Approfitto dell'ospitalità della cappella per sedermi 5 minuti sulle panche in legno, sul pavimento in antico cotto rosso giaciono davanti all'altare dei lumini accesi disposti a forma di croce, lasciati probabilmente da qualcuno che ha un reale rapporto con Dio e che lo ricerca nella solitudine e nella tranquillità di quest'eremo sperduto in mezzo ai boschi. Pur non avendo io fede, guardo con grande ammirazione coloro che coltivano un serio rapporto spirituale col divino. Dialogo ricercato nel raccoglimento e nella preghiera solitaria e lontana dai fasti delle chiese, non quindi gli snocciolatori di Rosari a memoria o i ferventi del Pio nazionale ma i frati sconosciuti o i camminatori solitari che si recano quassù per pregare nel silenzio e nell'anonimato. Approfitto della breve sosta per controllare l'andamento della glicemia poi riparto.



Il sentiero inizia ad uscire dal folto degli alberi ed il fondo da terra compatta diventa una pietraia, scende dal Monte Foresto fino a 1000 metri di quota poi si arrampica di nuovo sul poggio dell'Abate. Procedere spediti diventa piuttosto difficile, il fondo smosso e le gambe stanche impongono cautela, alcune volte ho rischiato di inciampare su qualche sasso sporgente ma fortunatamente ho avuto sempre una brillante reazione di gambe che ha evitato il peggio. Finito il tratto di discesa esco completamente dagli alberi e comincio ad arrampicarmi in mezzo ai pratoni del poggio dell'Abate. E' quasi l'una ed il sole picchia forte. La stanchezza fa il resto, sorseggio l'acqua dalla borraccia ed un pò me ne getto in testa. L'acqua fredda scende lungo la pelle accaldata e mi regala un guizzo di energie per affrontare i chilometri restanti. Dalla vetta del poggio il percorso scende bruscamente fino alla strada asfaltata, le pendenze sono spaccagambe, cerco di mantenere un passo controllato senza frenare troppo di quadricipiti e senza buttarmi giù come una frana. Un lieve dolorino sotto la rotula del ginocchio sinistro fa capolino, cerco di correre di avanpiede in modo da sfruttare l'elasticità del passo anziche incedere a gamba tesa e sconquassare il corpo. L'ultimo tratto, una volta raggiunta e attraversata la strada asfaltata, si inerpica in una strada acciottolata fino in mezzo alle case di Chiusi della Verna. Mentre salgo trafelato l'ultima rampa di scale un anziano abitante mi avverte che manca ancora 1 chilometro e mezzo prima di arrivare al santuario. Lo ringrazio dell'informazioni ma gli spiego che per oggi mi fermo qui. Sono arrivato, sono le 13 e 50, 5 ore e 15 minuti. L'ultima volta che sono arrivato qua c'era una grande vasca piena d'acqua fredda corrente, ora la vasca è vuota, la fontana è chiusa, c'è un rubinetto al suo posto, me lo farò bastare. Mi spoglio rimanendo in brachette e mi sciaquo via la polvere e la stanchezza dal corpo. Lascio scorrere l'acqua fredda sulle gambe, è una senzazione bellissima. Meno male che sono partito stamani, chi resta sa quello che trova ma non sa cosa si perde.

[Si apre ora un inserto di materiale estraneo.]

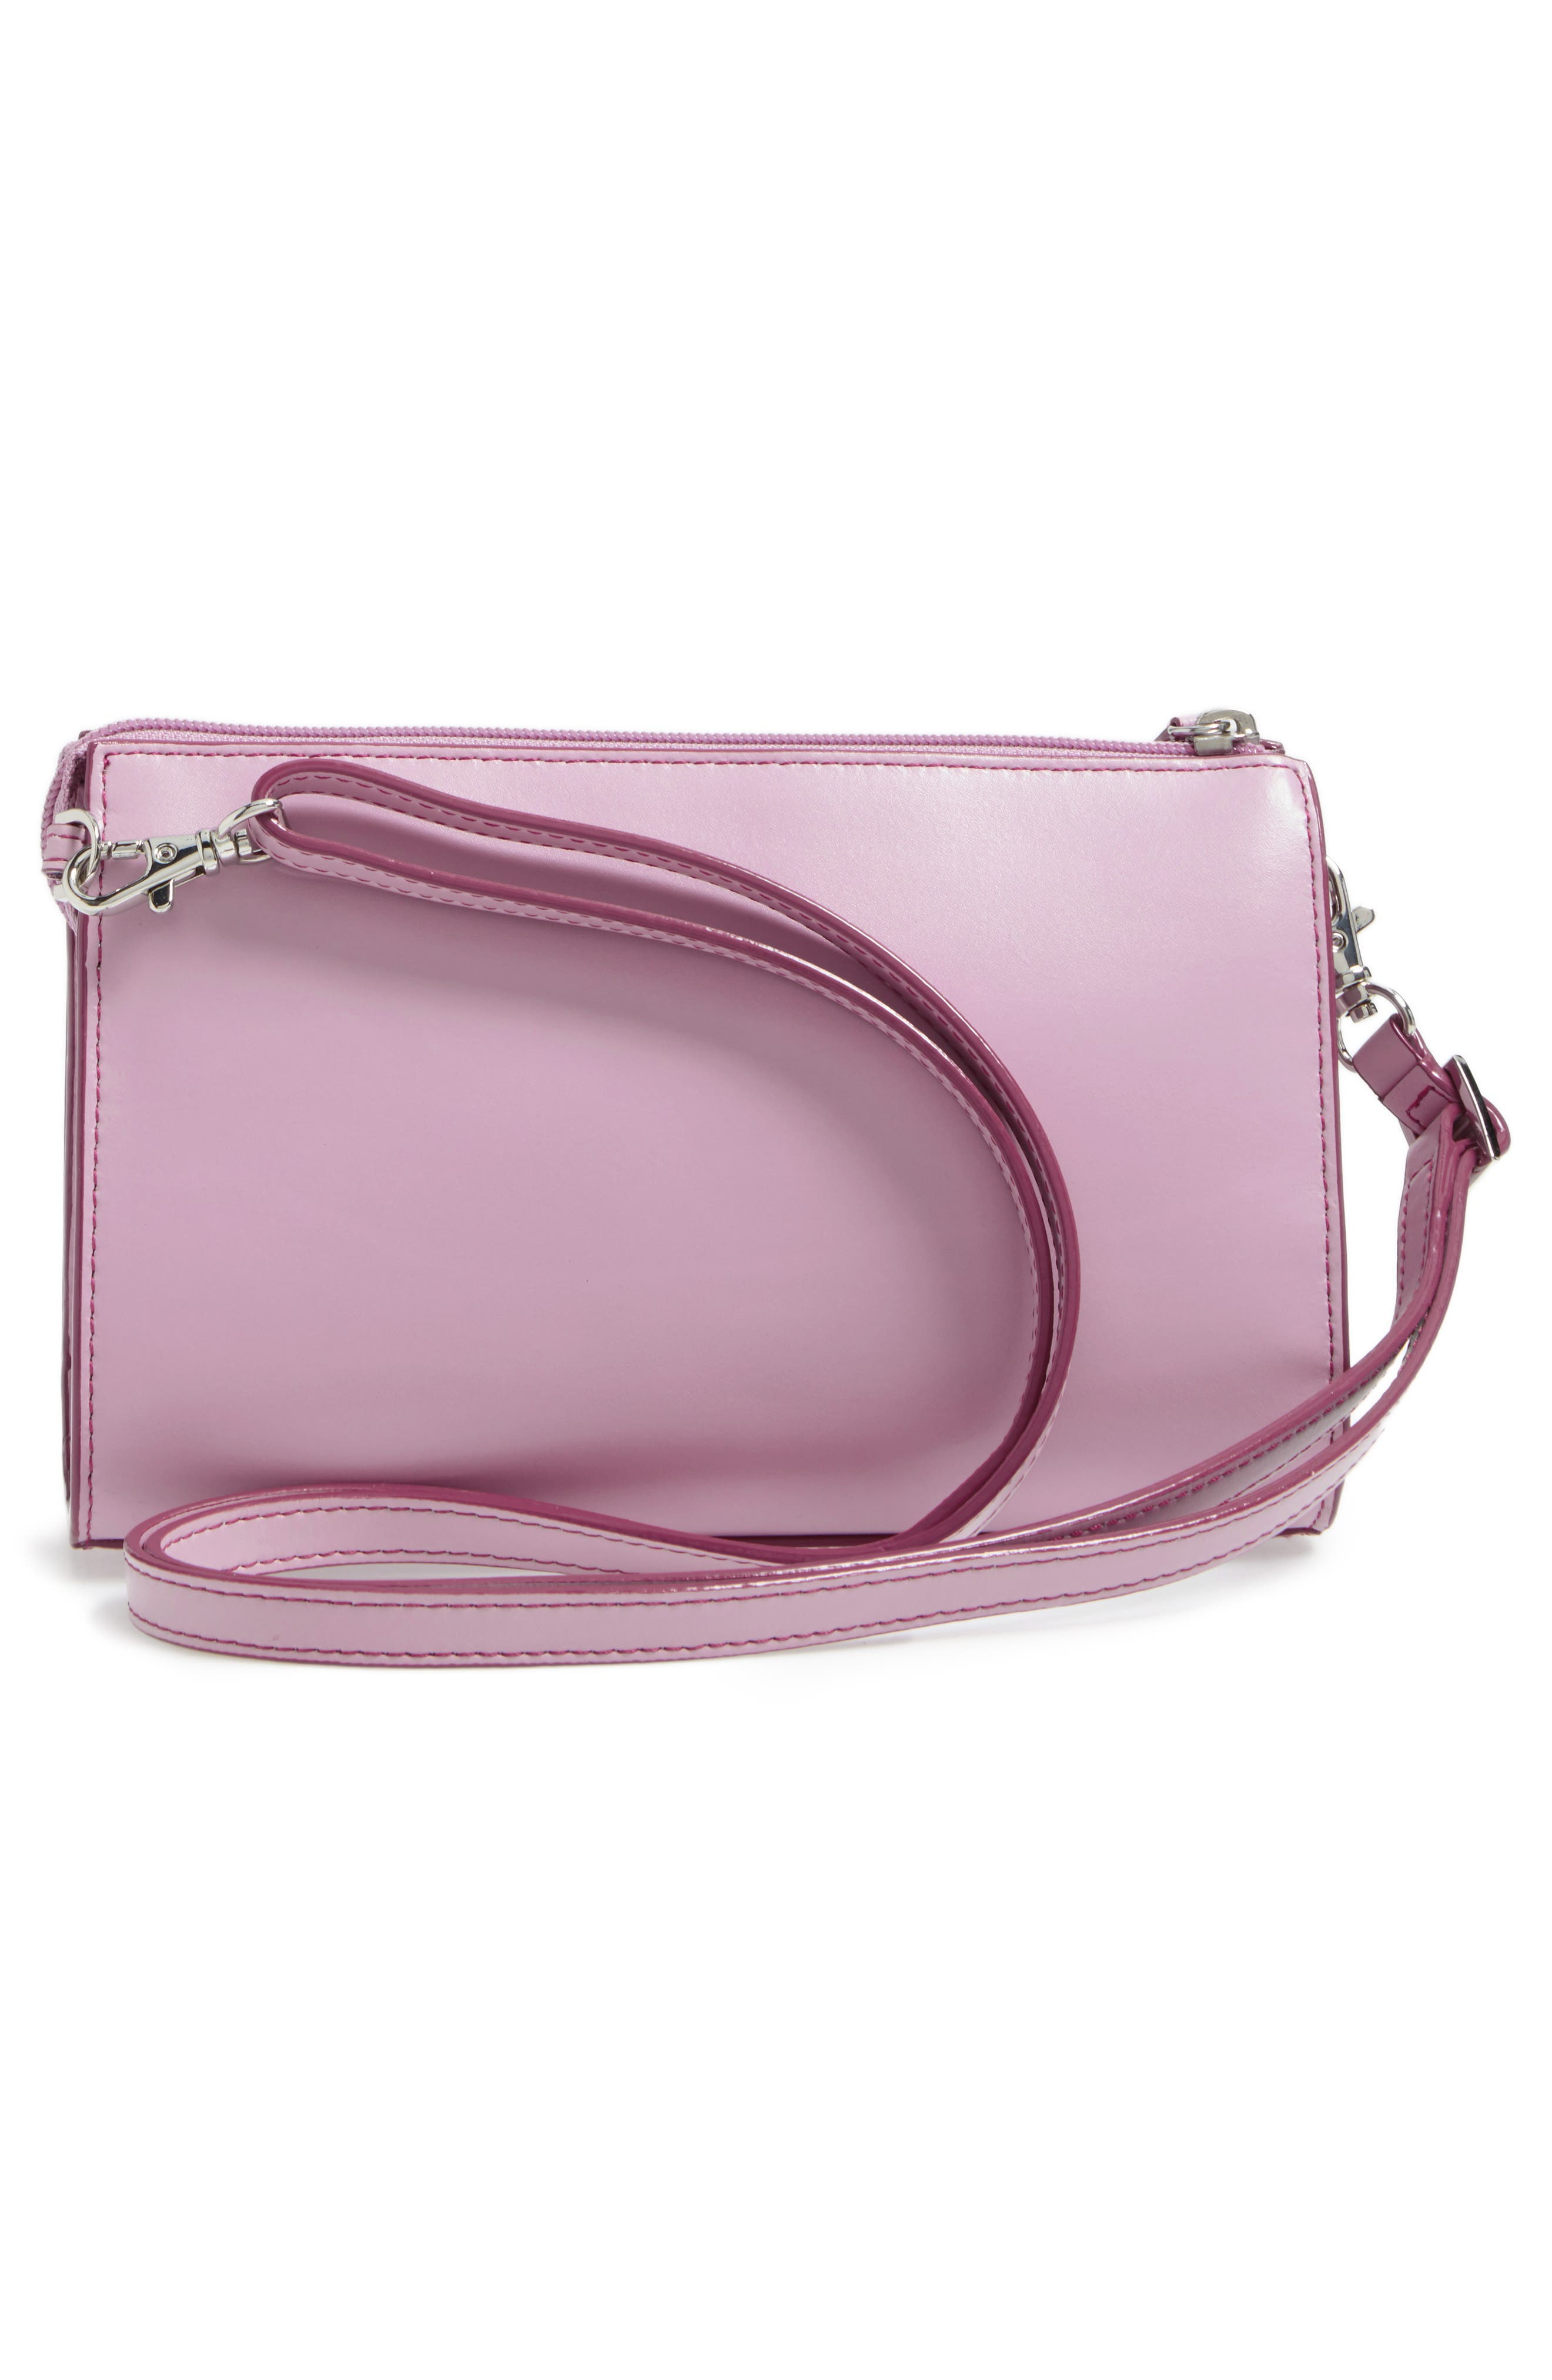 Lodis'Audrey Collection -Vicky' ConvertibleCrossbody Bag,                             Alternate thumbnail 21, color,

Mi metto i vestiti puliti, cammino verso una panca all'ombra e mangio quel che ho. Al bar del paese prendo un gelato ed un caffè e compro il biglietto del bus. Durante il viaggio di ritorno mi lascio cullare dall'incedere della corriera e dalla ninnananna del rumore del motore e con la foresta in mente mi addormento come un bambino.